ROC Analysis and Performance Curves
For binary scoring classifiers a threshold (in the following also called cutoff) value controls how predicted posterior probabilities are turned into class labels. ROC curves and other performance plots serve to visualize and analyse the relationship between one or two performance measures and the threshold.
This section is mainly devoted to receiver operating characteristic (ROC) curves that plot the true positive rate (sensitivity) on the vertical axis against the false positive rate (1 - specificity, fall-out) on the horizontal axis for all possible threshold values. Creating other performance plots like lift charts or precision/recall graphs works analogously and is only shown briefly.
In addition to performance visualization ROC curves are helpful in
- determining an optimal decision threshold for given class prior probabilities and misclassification costs (for alternatives see also the sections about cost-sensitive classification and imbalanced classification problems in this tutorial),
- identifying regions where one classifier outperforms another and building suitable multi-classifier systems,
- obtaining calibrated estimates of the posterior probabilities.
For more information see the tutorials and introductory papers by Fawcett (2004), Fawcett (2006) as well as Flach (ICML 2004).
In many applications as, e.g., diagnostic tests or spam detection, there is uncertainty about the class priors or the misclassification costs at the time of prediction, for example because it's hard to quantify the costs or because costs and class priors vary over time. Under these circumstances the classifier is expected to work well for a whole range of decision thresholds and the area under the ROC curve (AUC) provides a scalar performance measure for comparing and selecting classifiers. mlr provides the AUC for binary classification (auc based on package ROCR) an also a generalization of the AUC for the multi-class case (multiclass.auc based on package pROC).
mlr offers three ways to plot ROC and other performance curves.
- mlr's function generateROCRCurvesData is a convenient interface to ROCR's performance methods with an associated plotting function, plotROCRCurves which uses ggplot2.
- The mlr function asROCRPrediction converts mlr Prediction objects to objects of ROCR's class prediction. Then, ROCR's functionality can be used to further analyse the results and generate performance plots.
- mlr's function plotViperCharts provides an interface to ViperCharts.
Let's have a look at some examples demonstrating the three possible methods.

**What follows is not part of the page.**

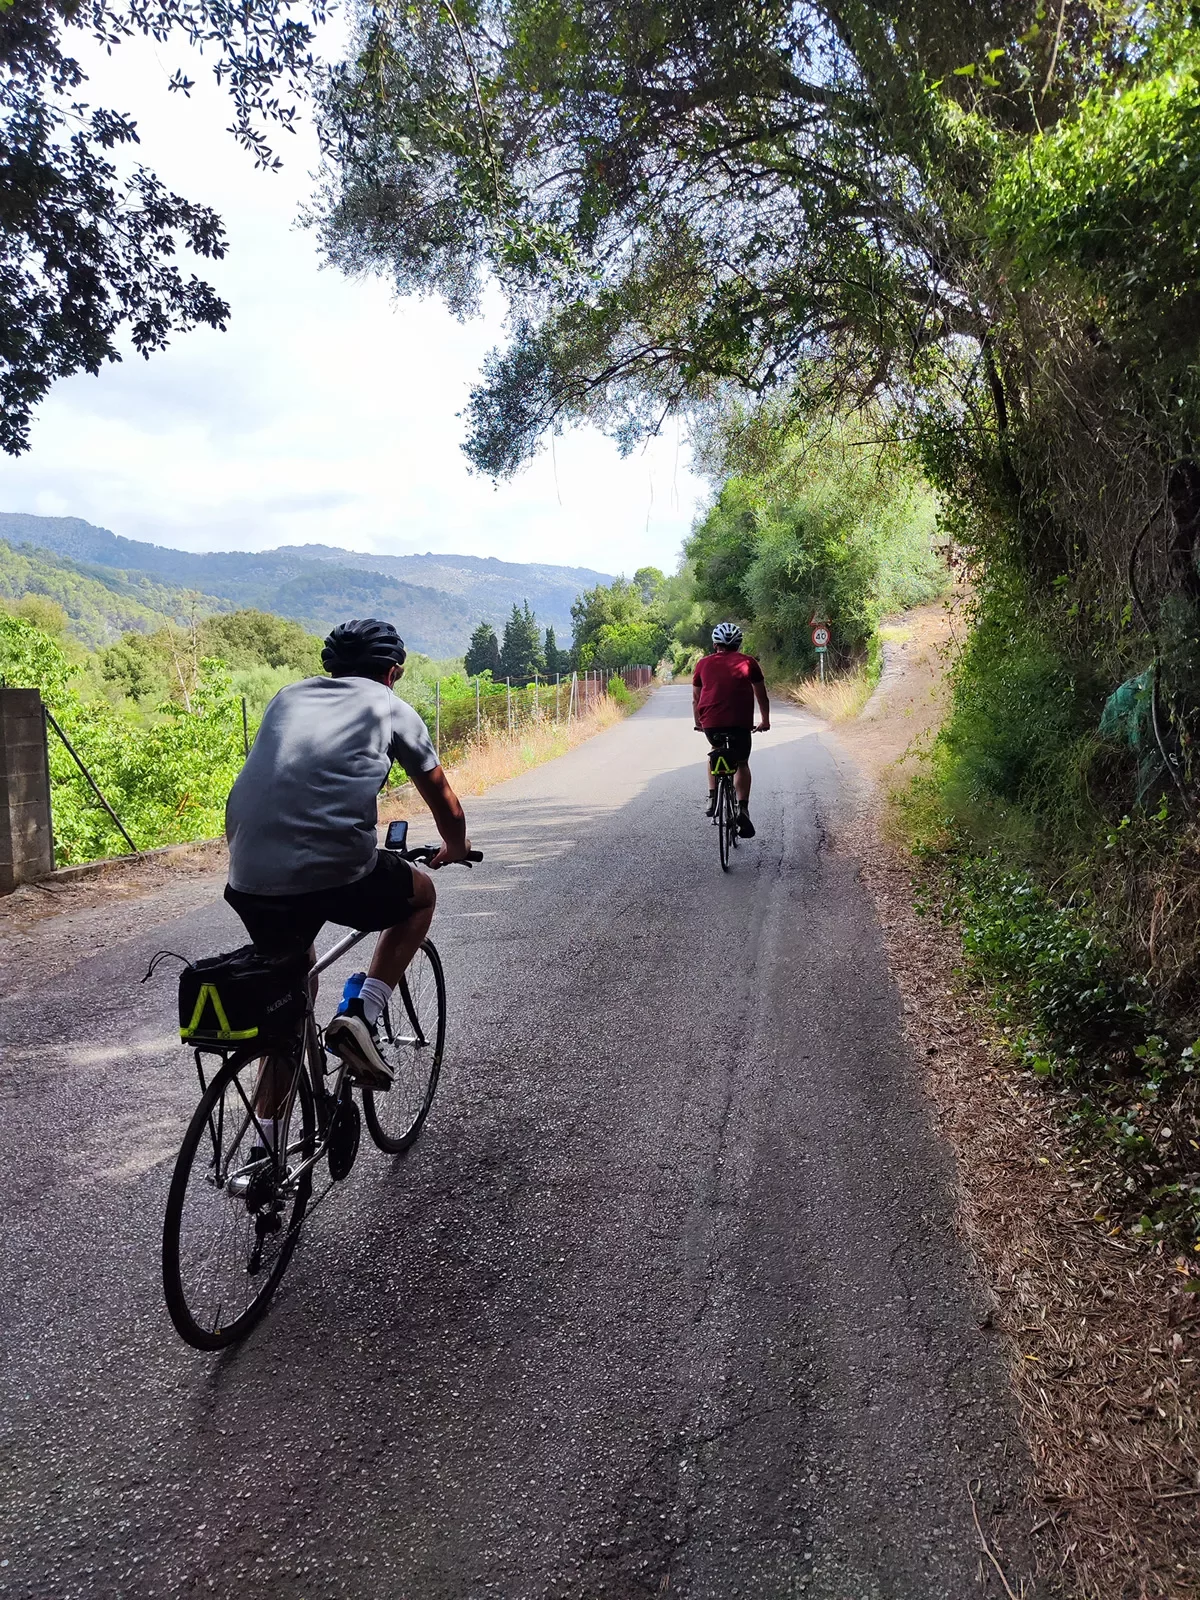 Two guests cycling down tree-covered road, hills in distance.

Note that the learners have to be capable of predicting probabilities.
Have a look at the table of learners
or run listLearners(prob = TRUE)
to get a list of all learners that support this.
Performance plots with generateROCRCurvesData and plotROCRCurves
As mentioned above generateROCRCurvesData is an interface to ROCR's performance methods. It provides S3 methods for objects of class Prediction, ResampleResult and BenchmarkResult (resulting from calling predict, resample or benchmark). plotROCRCurves plots output from generateROCRCurvesData using ggplot2.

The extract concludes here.